RECORDED INFORMATION:
##############################
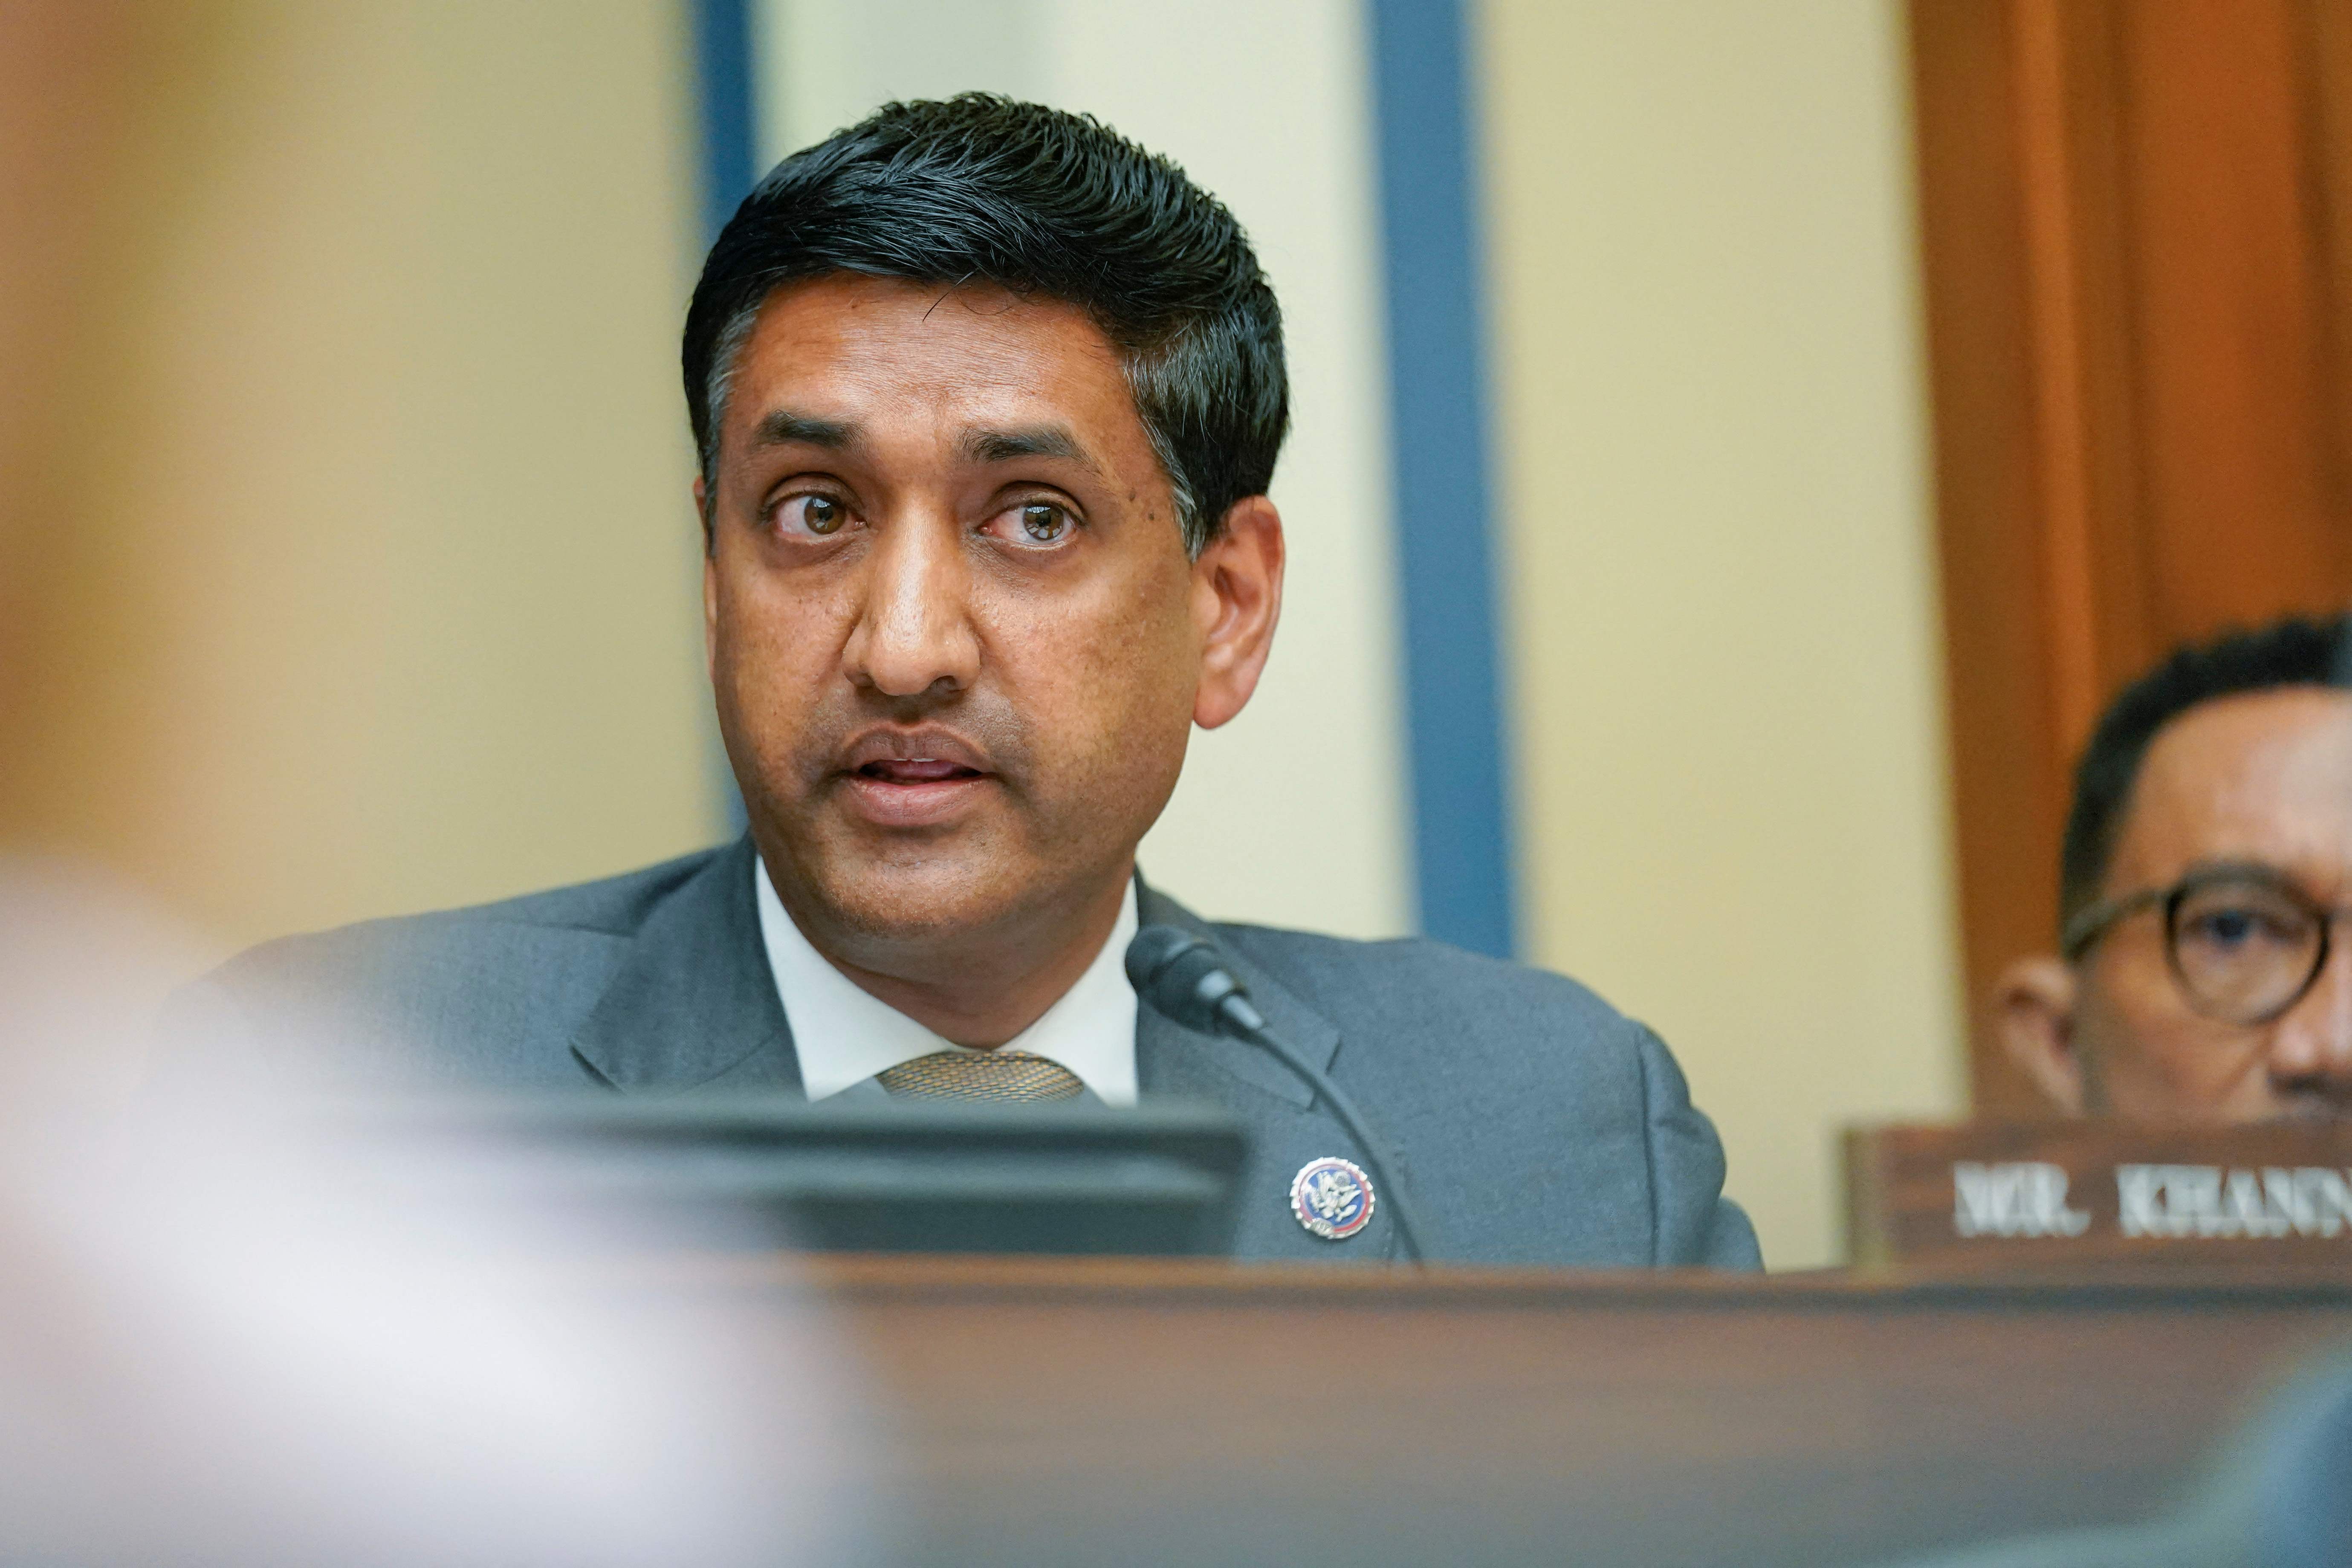 Rep. Ro Khanna, D-Calif., speaks during a House Committee on Oversight and Reform hearing on gun violence on Capitol Hill in Washington, DC, on June 8, 2022
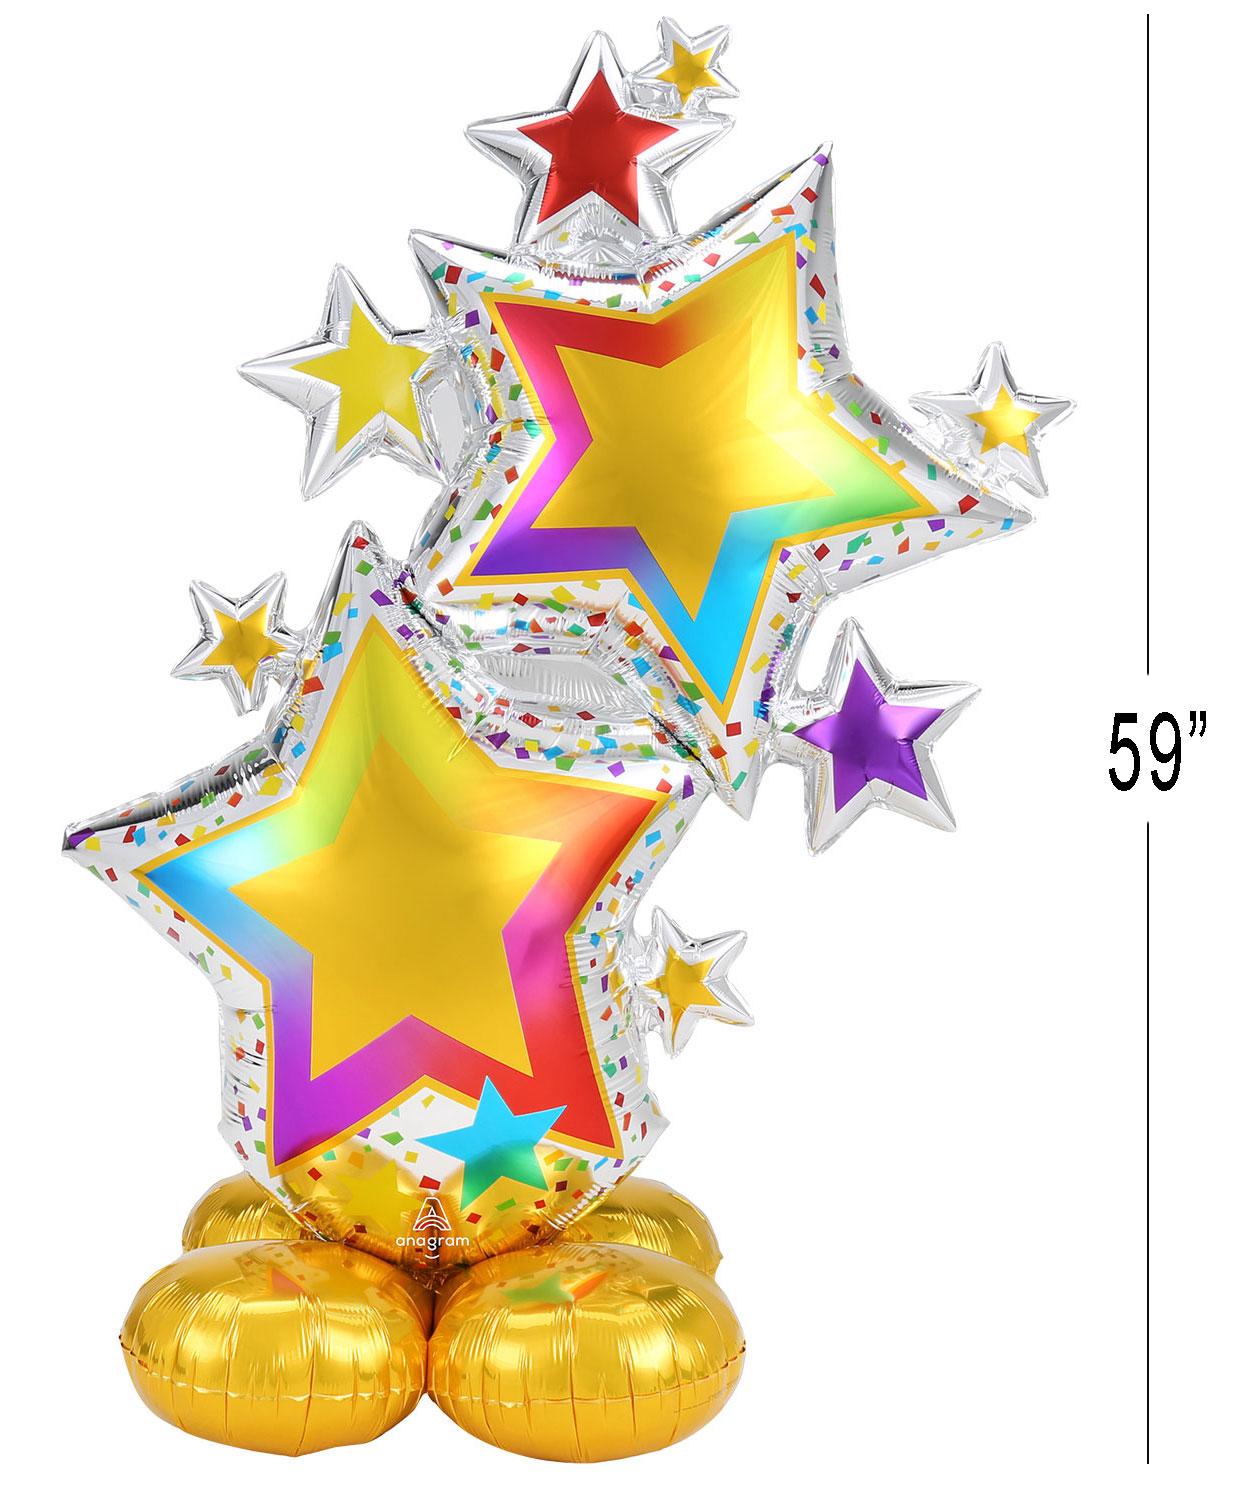 Airloonz Colourful Star Air-Filled Character Balloon by Amscan 4246411 available here at Karnival Costumes online partty shop
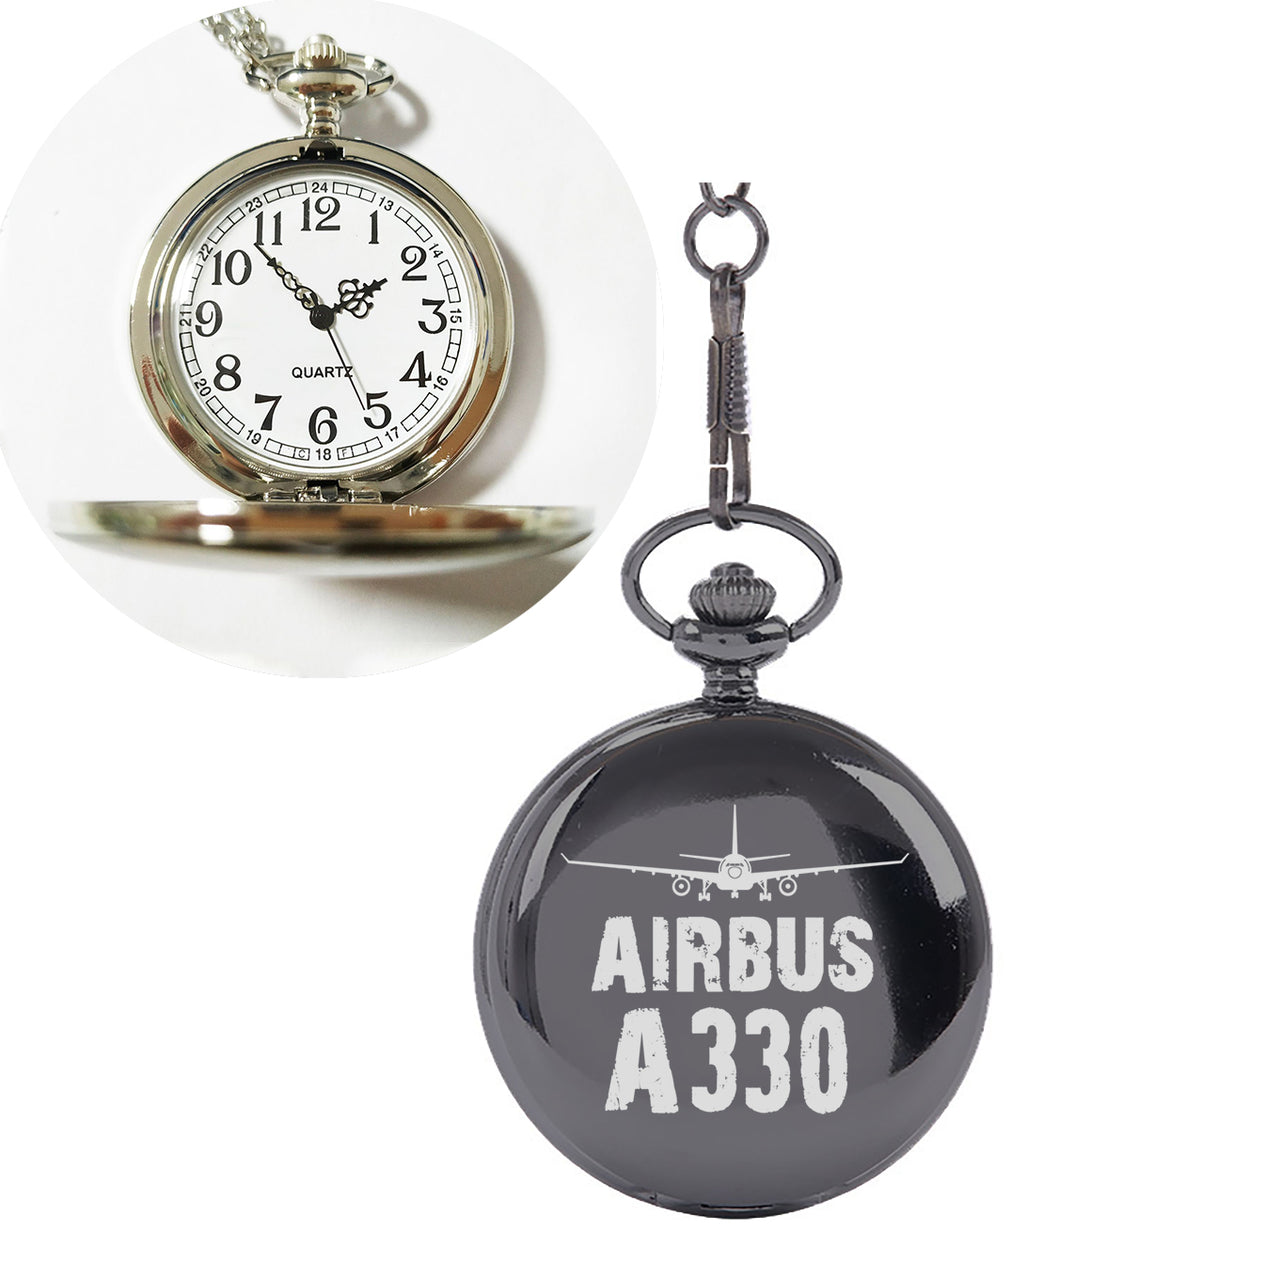 Airbus A330 & Plane Designed Pocket Watches
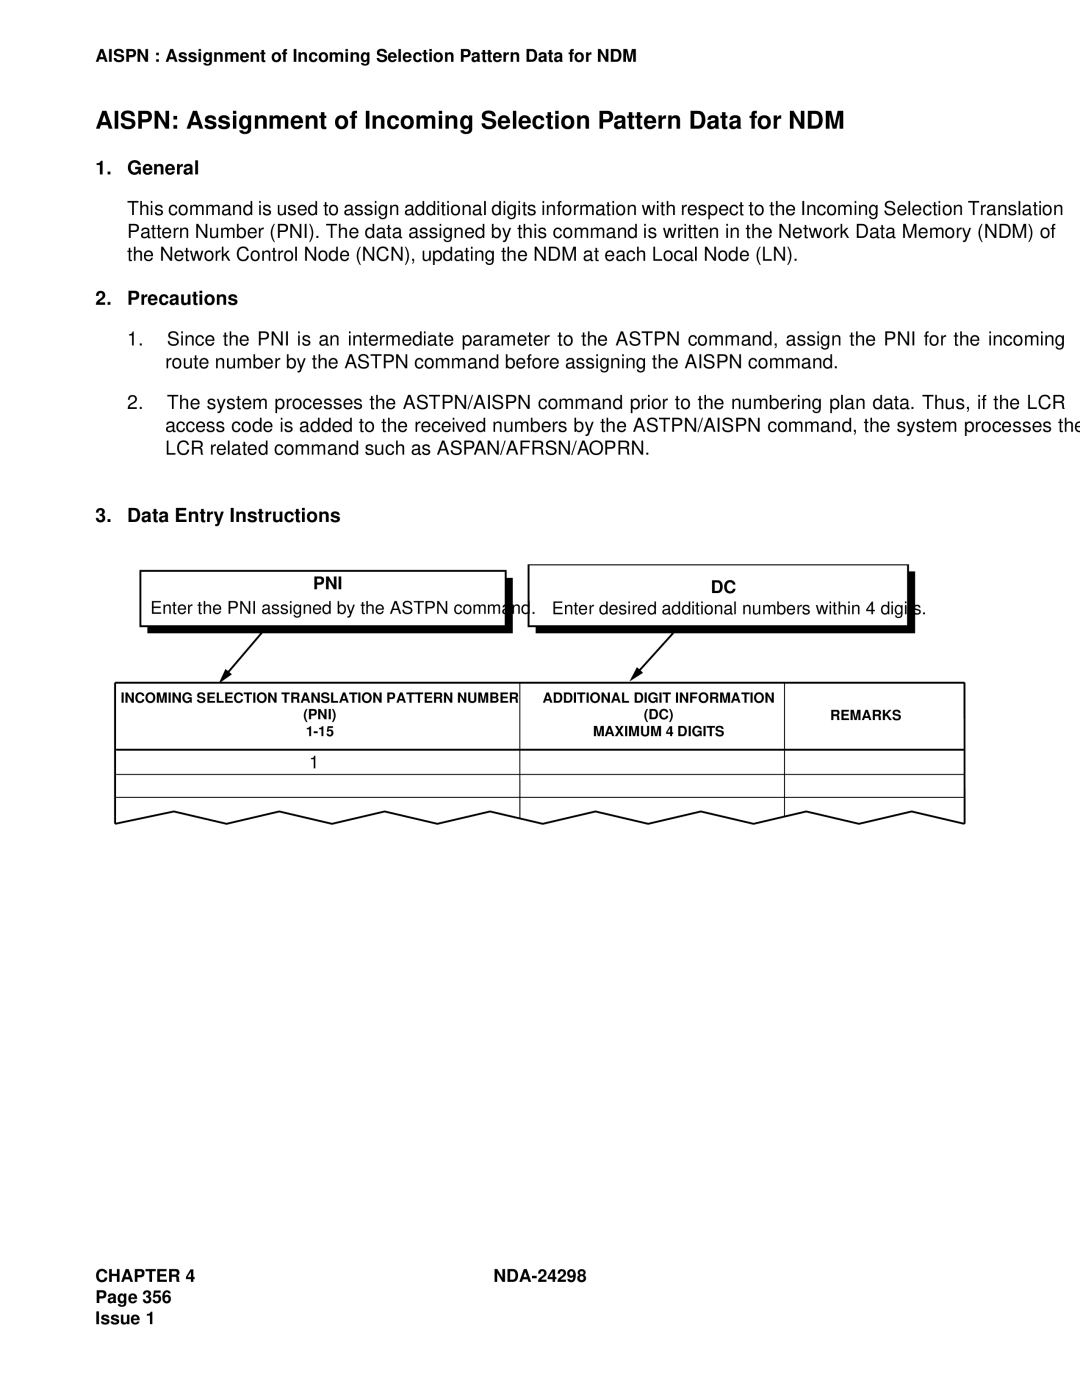 NEC NDA-24298 manual Aispn Assignment of Incoming Selection Pattern Data for NDM
##############################
Repeat verbatim the lines from the one holding "Airbus A330 & Plane Designed Pocket Watches" through the end of the listing above, both ends included, but not the pictures.

SOLUTION TO THIS EXERCISE:
 Airbus A330 & Plane Designed Pocket Watches
 NEC NDA-24298 manual Aispn Assignment of Incoming Selection Pattern Data for NDM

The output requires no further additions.